Be careful when using wildcards, as they can cause you to catch words that you don't want to:

*cialis* will find cialis and CIALIS and specialist *semen* will find semen and advertisement


Regular Expressions

Regular expressions are advanced pattern matching descriptions that are used to capture complex patterns of characters in the search data. Regular Expressions are very powerful, but can be confusing to a novice.

Does an Administrator need to know Regular Expressions? The answer is usually not. If an entry is not typed in Regular Expression format (e.g. doesn't begin and end with a '/' character), GWAVA automatically internally converts it to a Regular Expression following these rules:

  • all matches are case insensitive - 'dog' and 'DOG' match.
  • all matches apply to a whole word only - 'dog' doesn't match 'doggy'.
  • You can use the '*' character as a wildcard - dog* matches 'doggy', 'dog and cow', etc.

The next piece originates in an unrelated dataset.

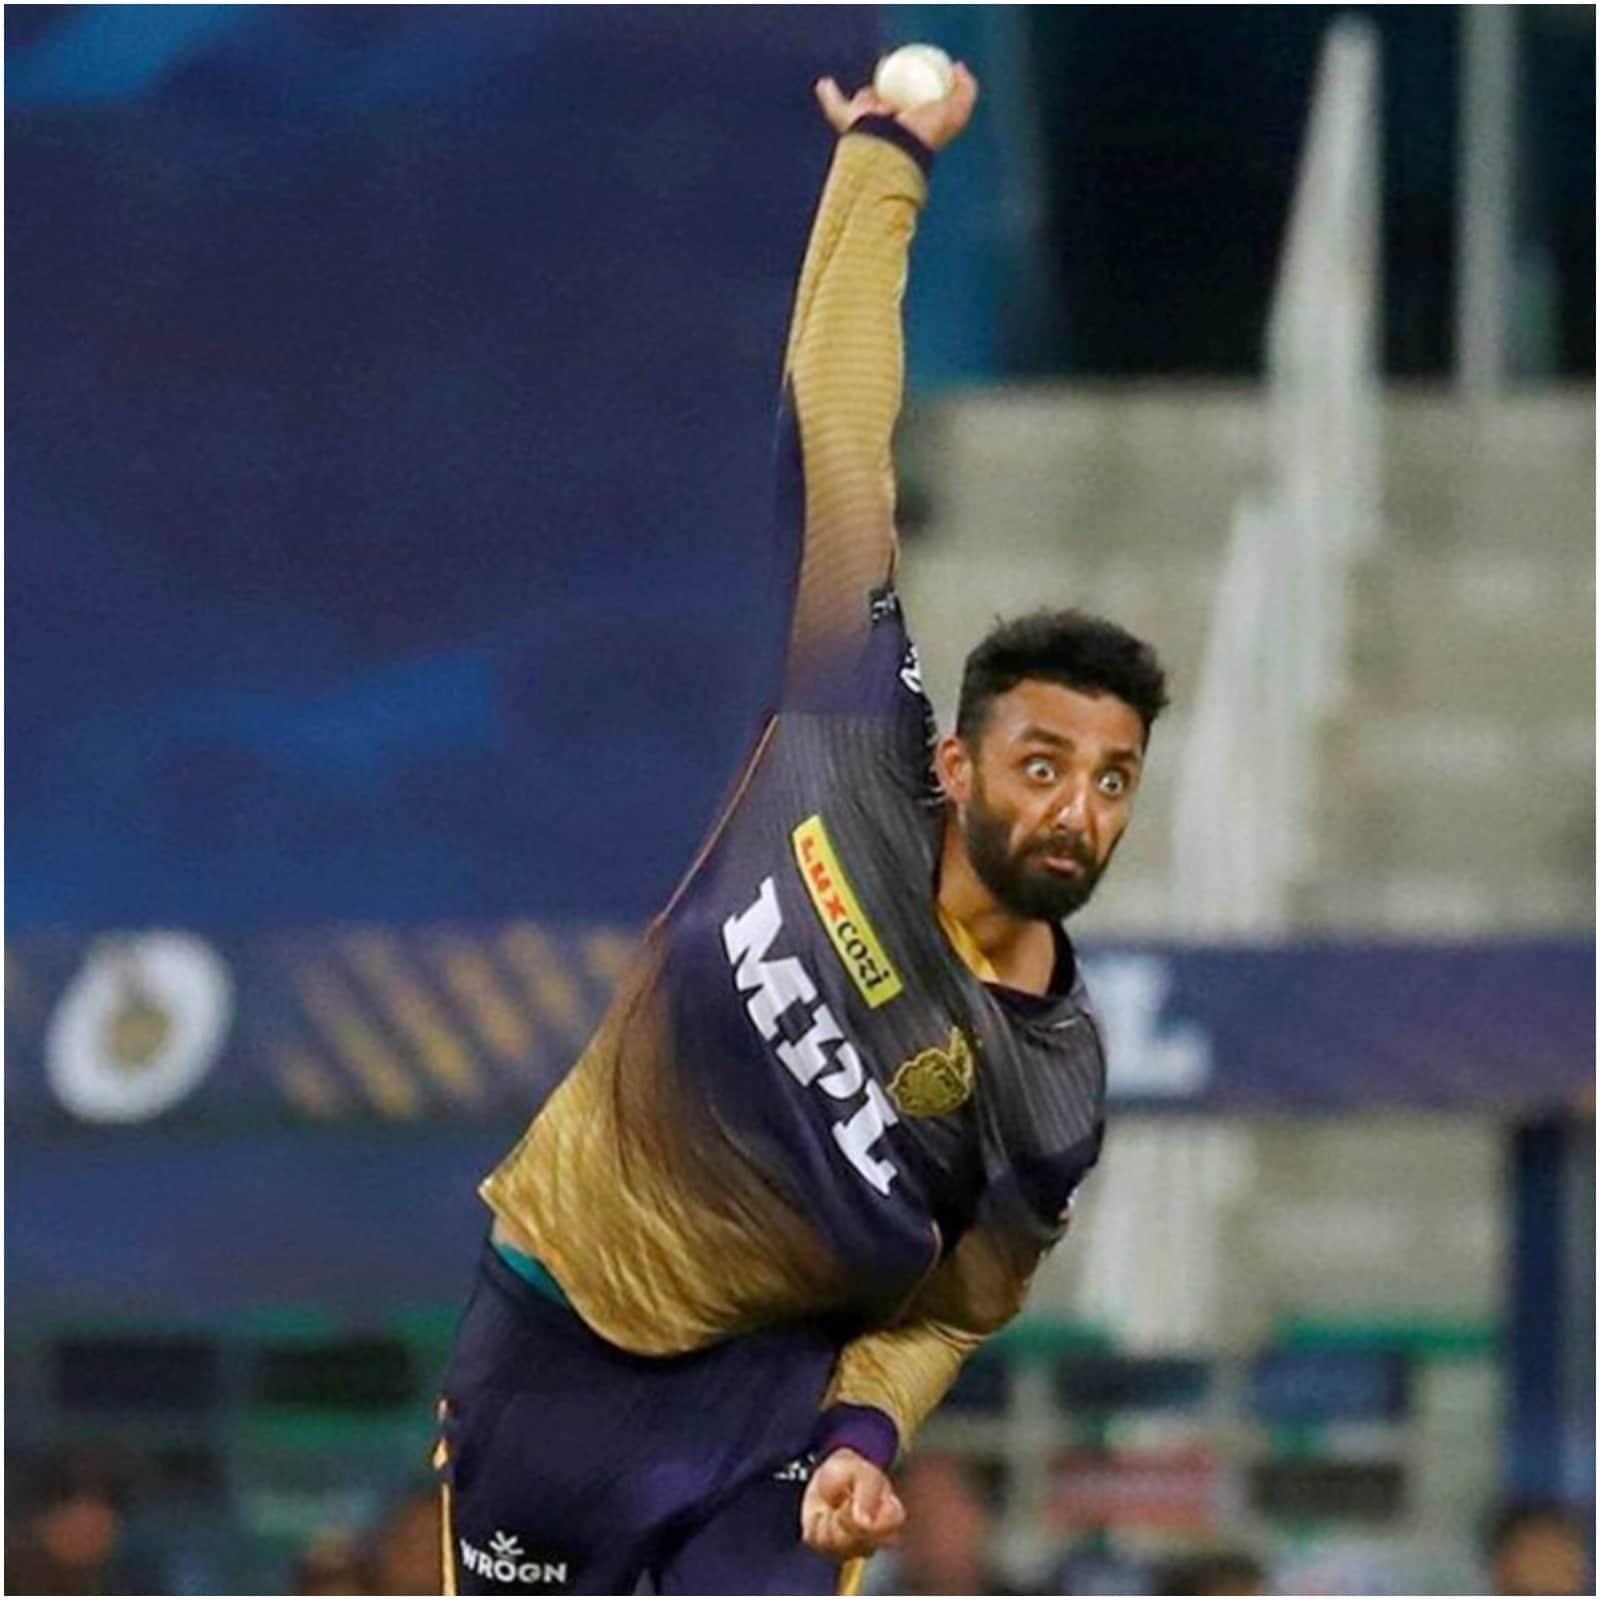 केकेआर के लेग स्पिनर वरुण चक्रवर्ती ने 15 मैचों में अब तक 60 ओवर गेंदबाजी की है. उनके खिलाफ रन बनाना किसी भी टीम के लिए आसान नहीं रहा है. उन्होंने सिर्फ 6.40 की इकोनॉमी से रन दिए हैं. इसके अलावा 16 विकेट भी लिए हैं. टीम के एक अन्य स्पिनर सुनील नरेन ने 6.41 की इकोनॉमी से रन दिए हैं और 14 विकेट लिए हैं. एलिमिनेटर मुकाबले में उन्होंने आरसीबी के खिलाफ 4 बड़े विकेट झटके थे. (PTI)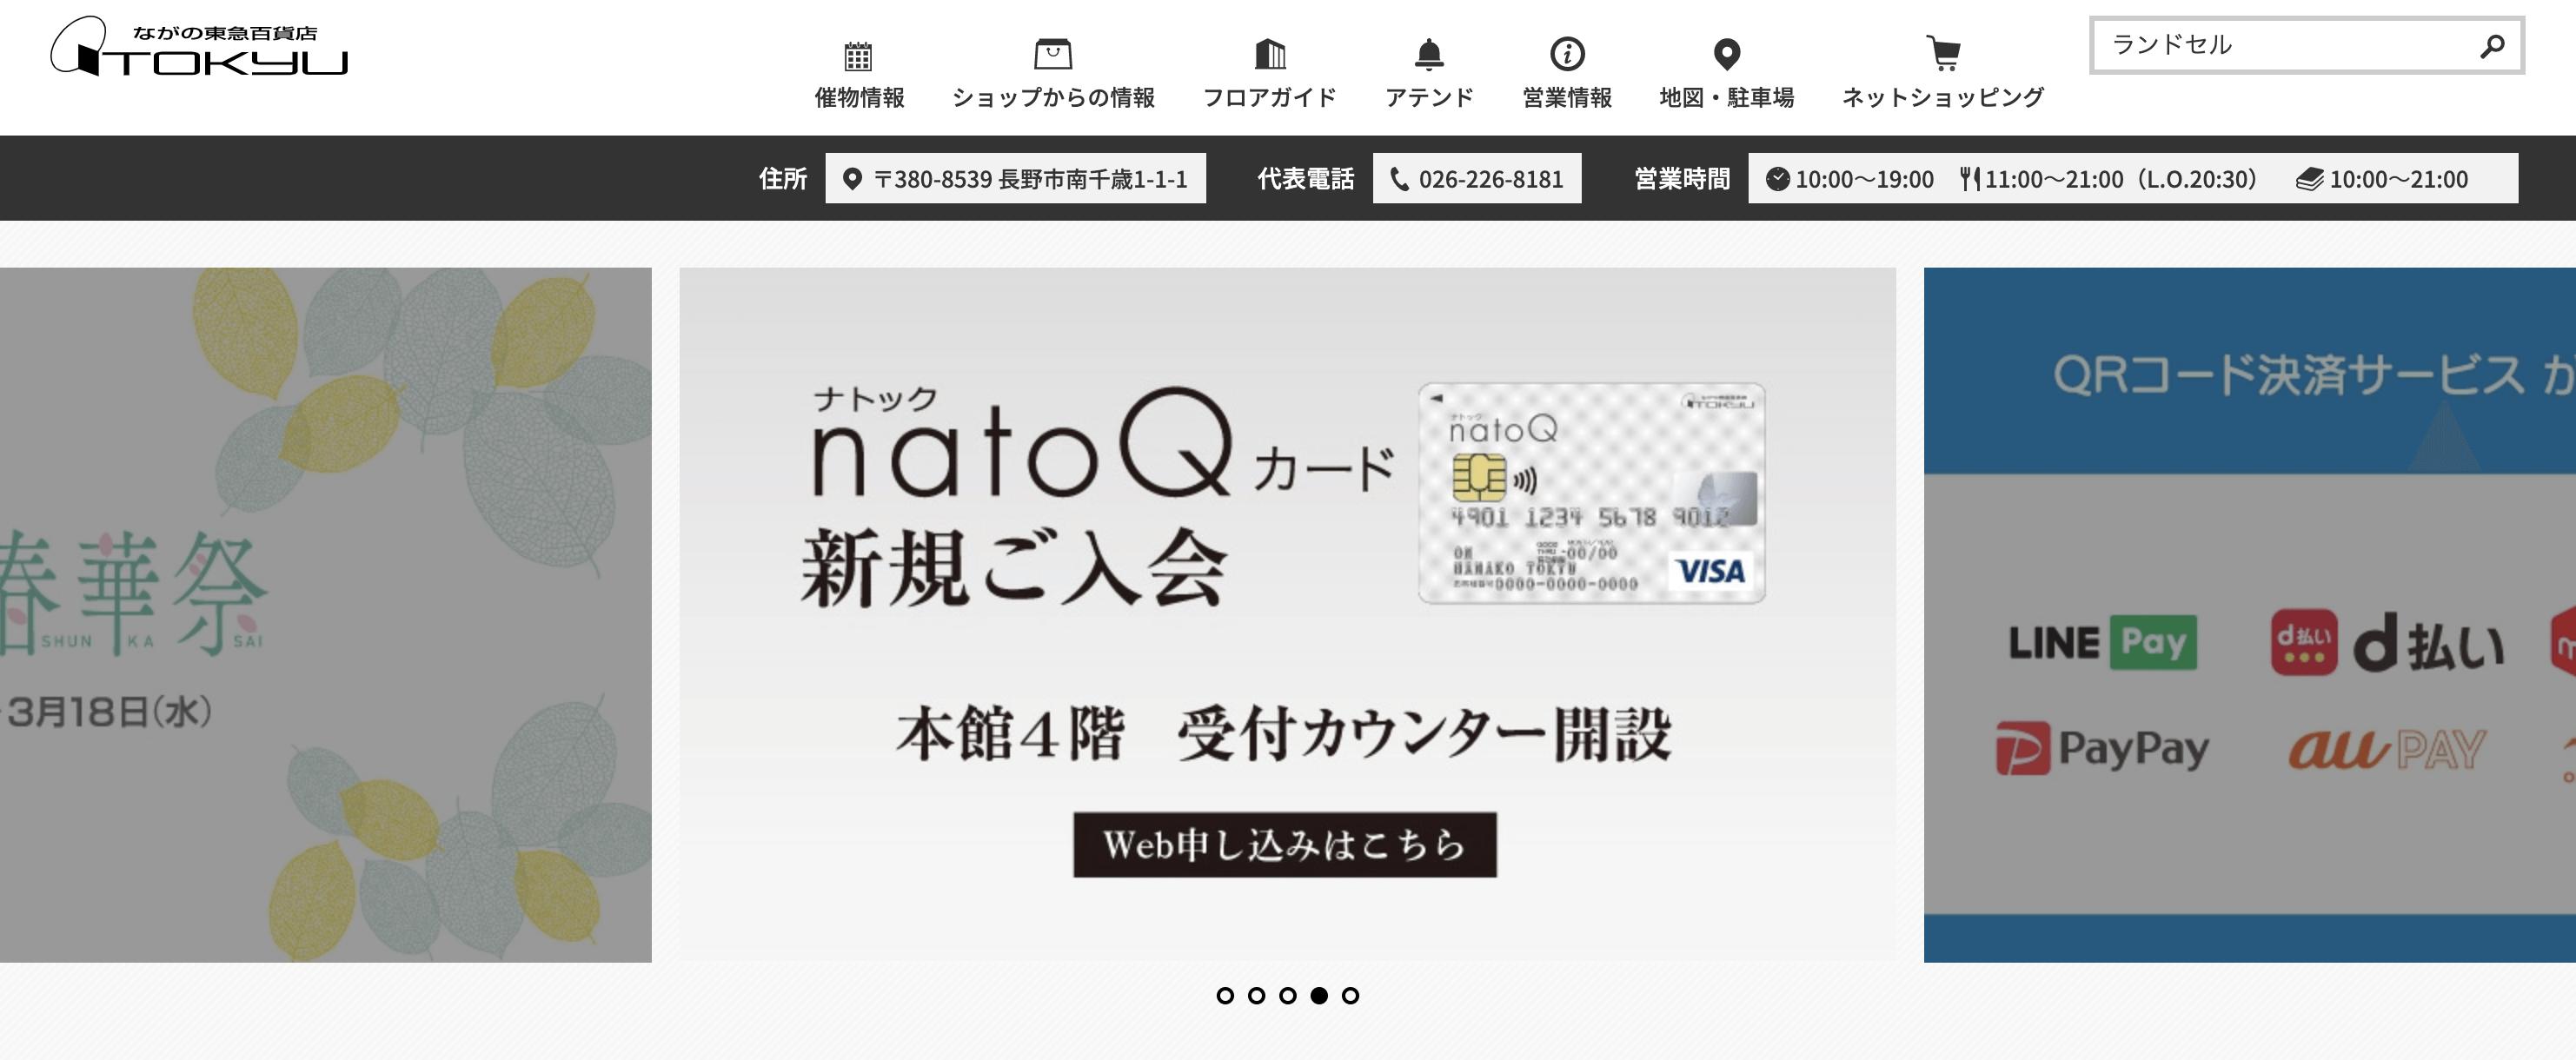 ながの東急百貨店の公式ページ

For most administrators, this provides sufficient power and flexibility without needing to know more about Regular Expressions.

However, there are cases where case sensitivity is desired, or efficient ways to specify ranges of characters are desired. For these purposes, among many others, a regular expression is useful. For example, if the filter is /dog/, it will match only 'dog', not 'DOG'.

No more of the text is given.